Andolsun Allah'a ki Allah, Peygamberini, sallallahu aleyhi ve âlihî, katına aldığı zamandan bugüne, halkın bana biat ettikleri âna kadar, benim için hazırlanmış olan, bana ait bulunan hakkımdan zâten mahrum olmuştum; onu elde etmekten men edilmiştim.
* * *
205:Talha ve Zübeyr, biatten sonra kendileriyle meşverette bulunmadığını, yardımlarını dilemediğini söyledikleri zaman buyurmuşlardır ki:
Azı hoş görmediniz, çoğu elde etmediniz. Söyleyin bana, hangi şey hakkınızdı onu size vermedim, yahut hangi şeyi size vermedim de kendime alıkoydum? Yahut hangi hak için Müslümanlardan biri bana baş vurdu da onu yerine getirmekten âciz kaldım; bilmedim; yahut da yanlış bir hüküm verdim?

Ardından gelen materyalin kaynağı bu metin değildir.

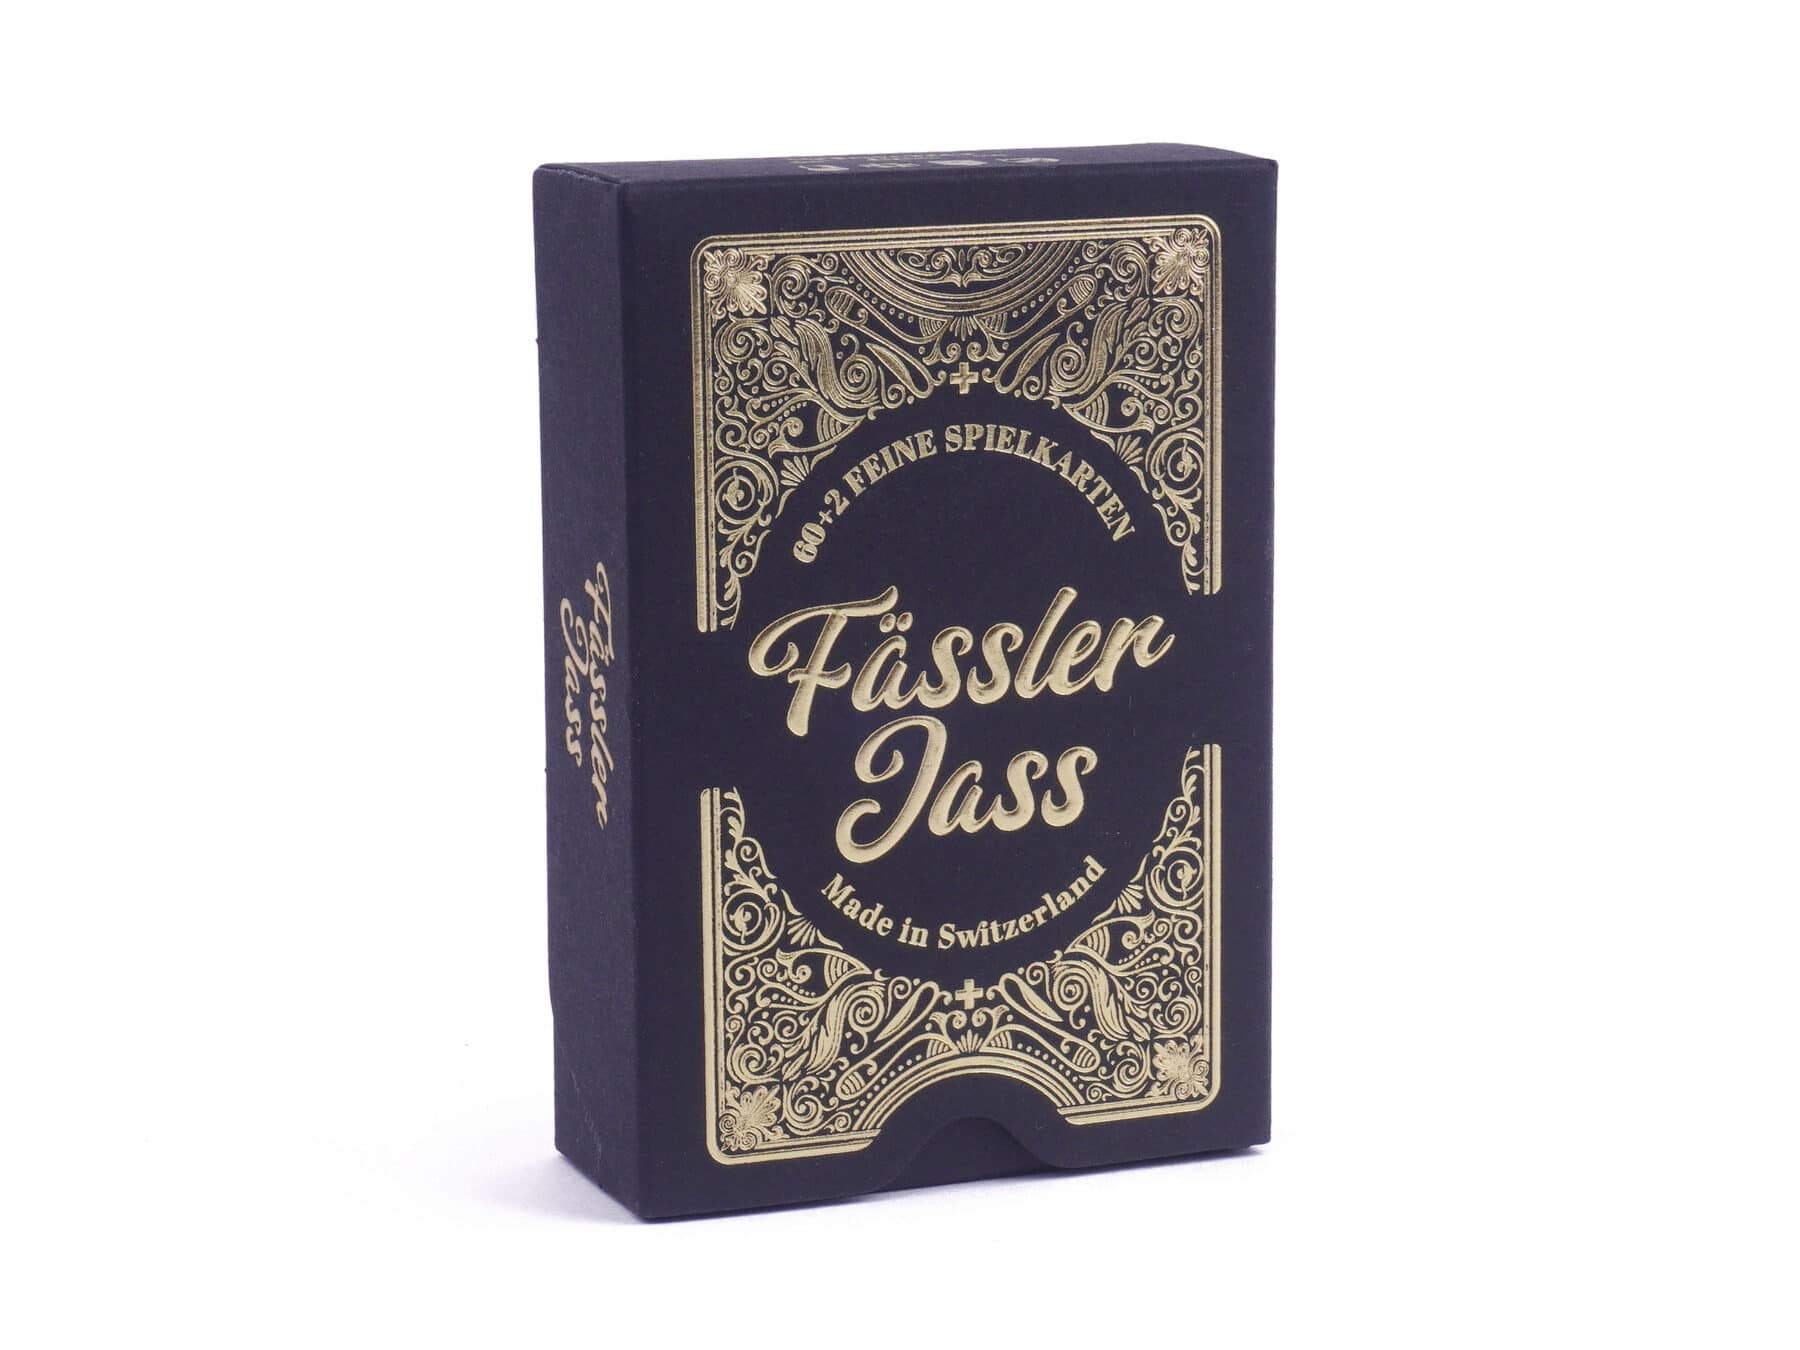 Faessler Jass Deluxe Gold swiss made

Andolsun Allah'a ki halifeliğe rağbetim yoktu; buyruk yürütmeye ihtiyâcım yoktu; siz beni bu işe çağırdınız; siz onu bana yüklediniz. Bu iş bana verilince de Allah'ın Kitâbına uydum, bize ne emretmişse onu hükmettim; ona tâbi' oldum; Peygamberin bize sünnet olarak bıraktığına iktidâ ettim. Bu hususta ne sizin reyinize kapıldım, ne baş-kalarının dileklerine. Bir hükümde bilgisizliğe düşmedim; böyle bir şey olsaydı sizden de yüz çevirmezdim, başkala-rından da.

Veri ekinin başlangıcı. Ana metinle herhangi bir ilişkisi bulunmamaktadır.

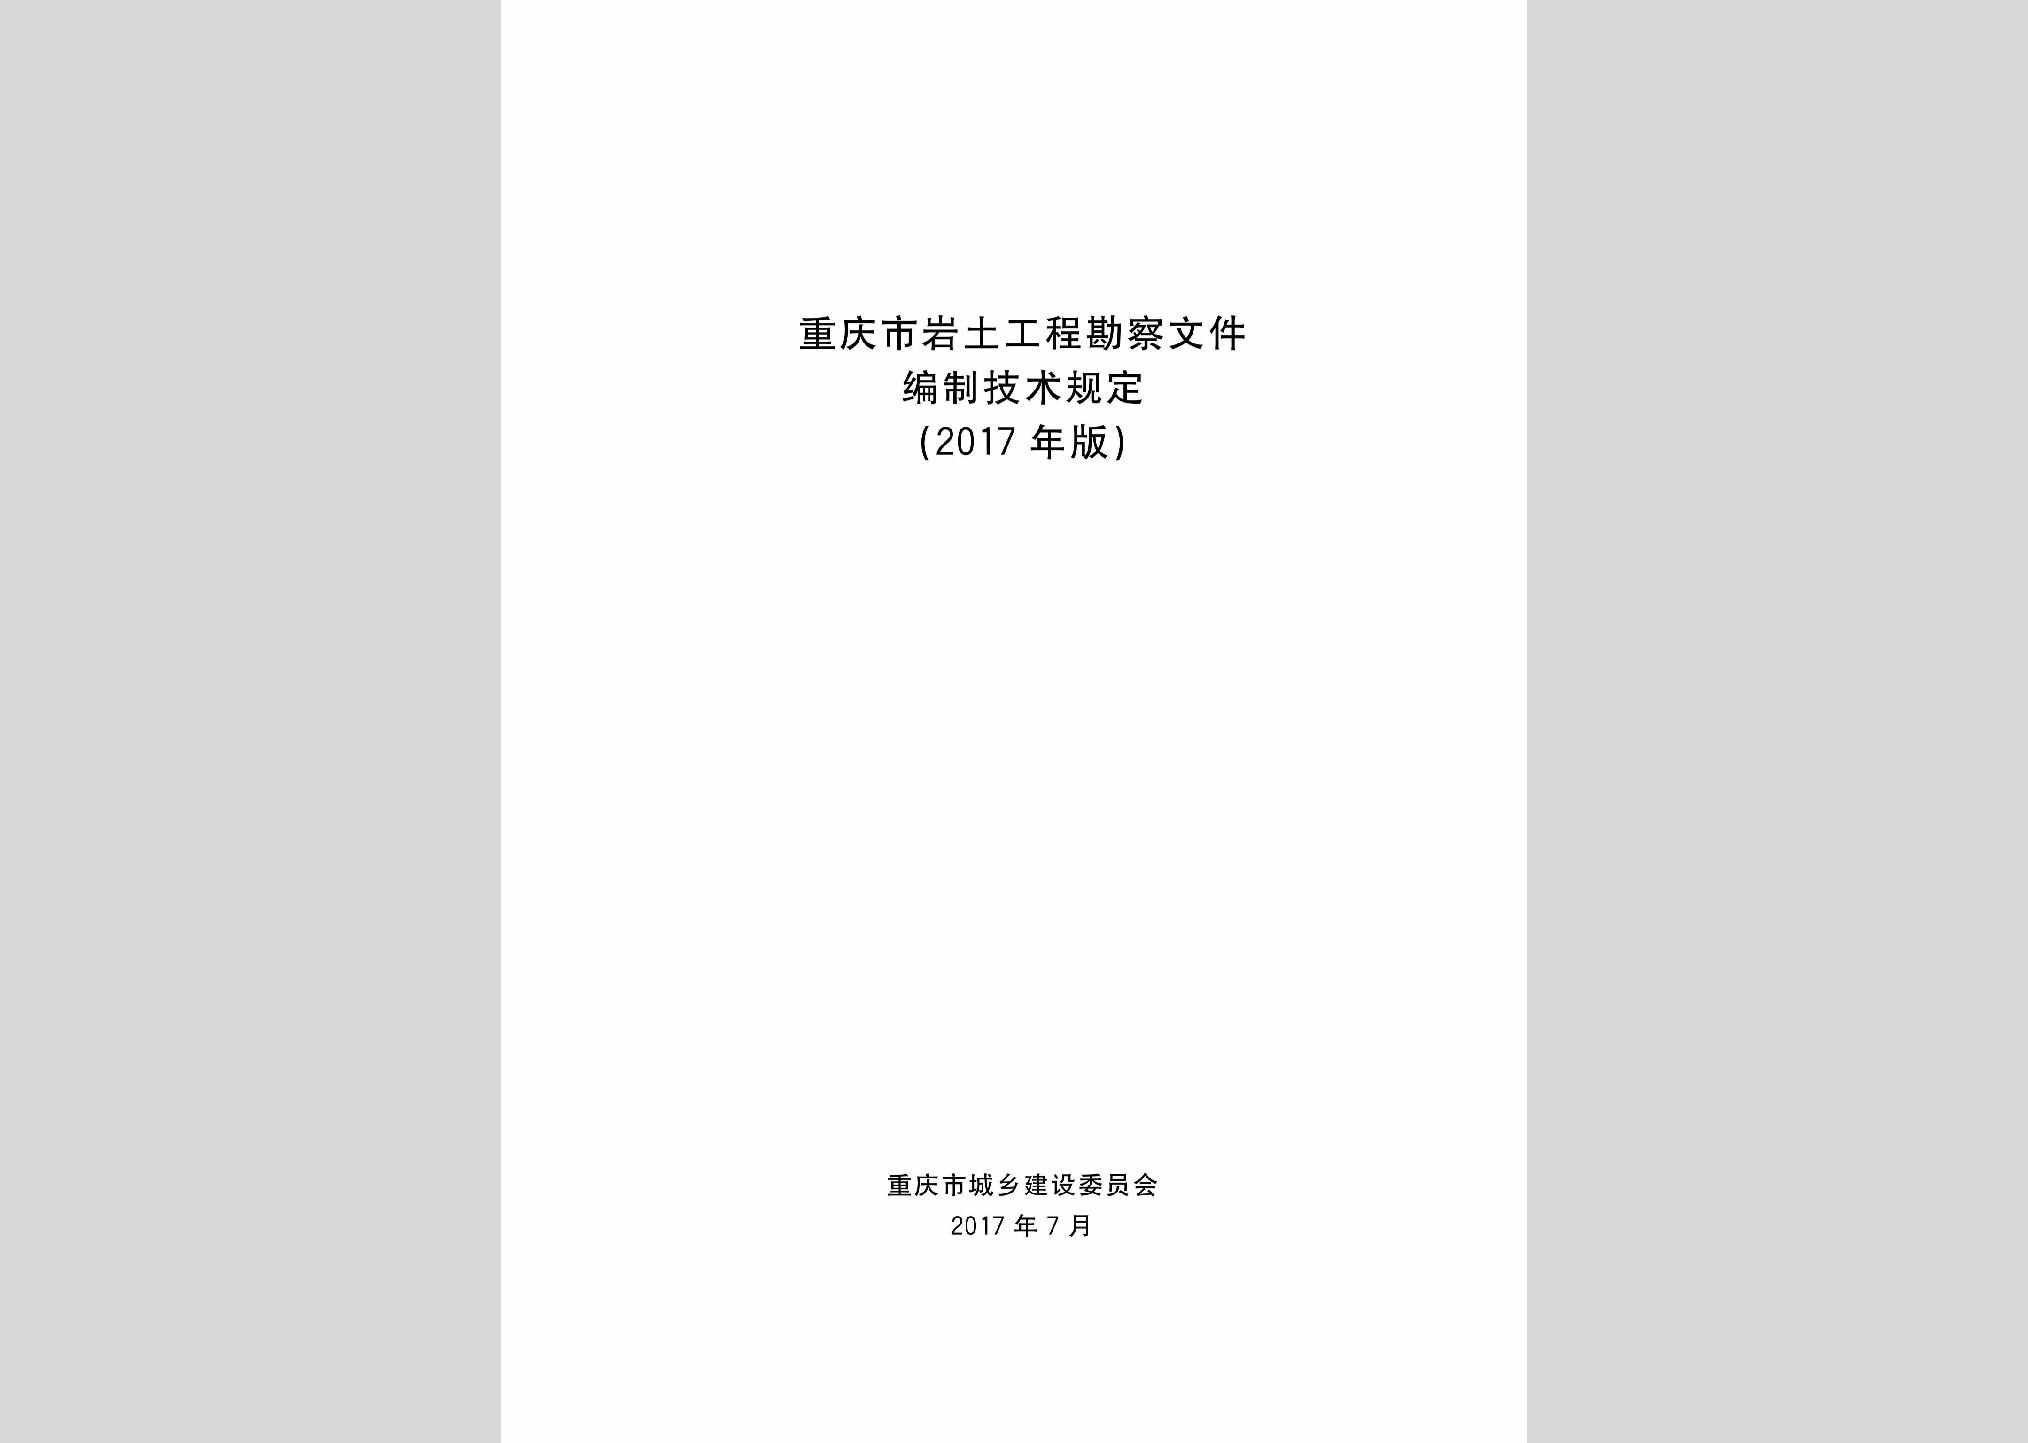 YTKCBZJS：重庆市岩土工程勘察文件编制技术规定(2017年版)

Herkese eşit verişime, kimseyi kimseden üstün saymayışıma gelince; Bu, kendi reyimle, kendi hükmümle yaptığım bir iş, kendi dileğime uyup verdiğim bir hüküm değil ki. Ben de, siz de, Allah'ın salâtı ona ve soyuna olsun, Rasûlullah'ın verdiği hükme uyuyoruz; Rasûlullah'ın verdiği bir hükümdür, şerîatın hükmüdür ki artık tamamlanmıştır; değişmesi mümkün değil. Allah'ın verdiği hükümde de size ihtiyacım olamaz. Bu hususta vAllahi ne benim, ne de sizin bir takdiriniz olabilir; Allah'ın emrine karşı sizin hatırınızı ele almaya kalkışamam; buna ne benim gücüm yeter, ne de siz razı olursunuz. Allah bizim de gönüllerimizi gerçeğe razı etsin, sizin de gönüllerinizi; bize de sabır ilhâm etsin, siz de.
(Sonra buyurdular ki):
Allah rahmet etsin o kişiye hakkı görür, ona yardım eder; cevri görür, onu reddeder; cevredene, zulmedene karşı da hakka yardımcı olur.[36]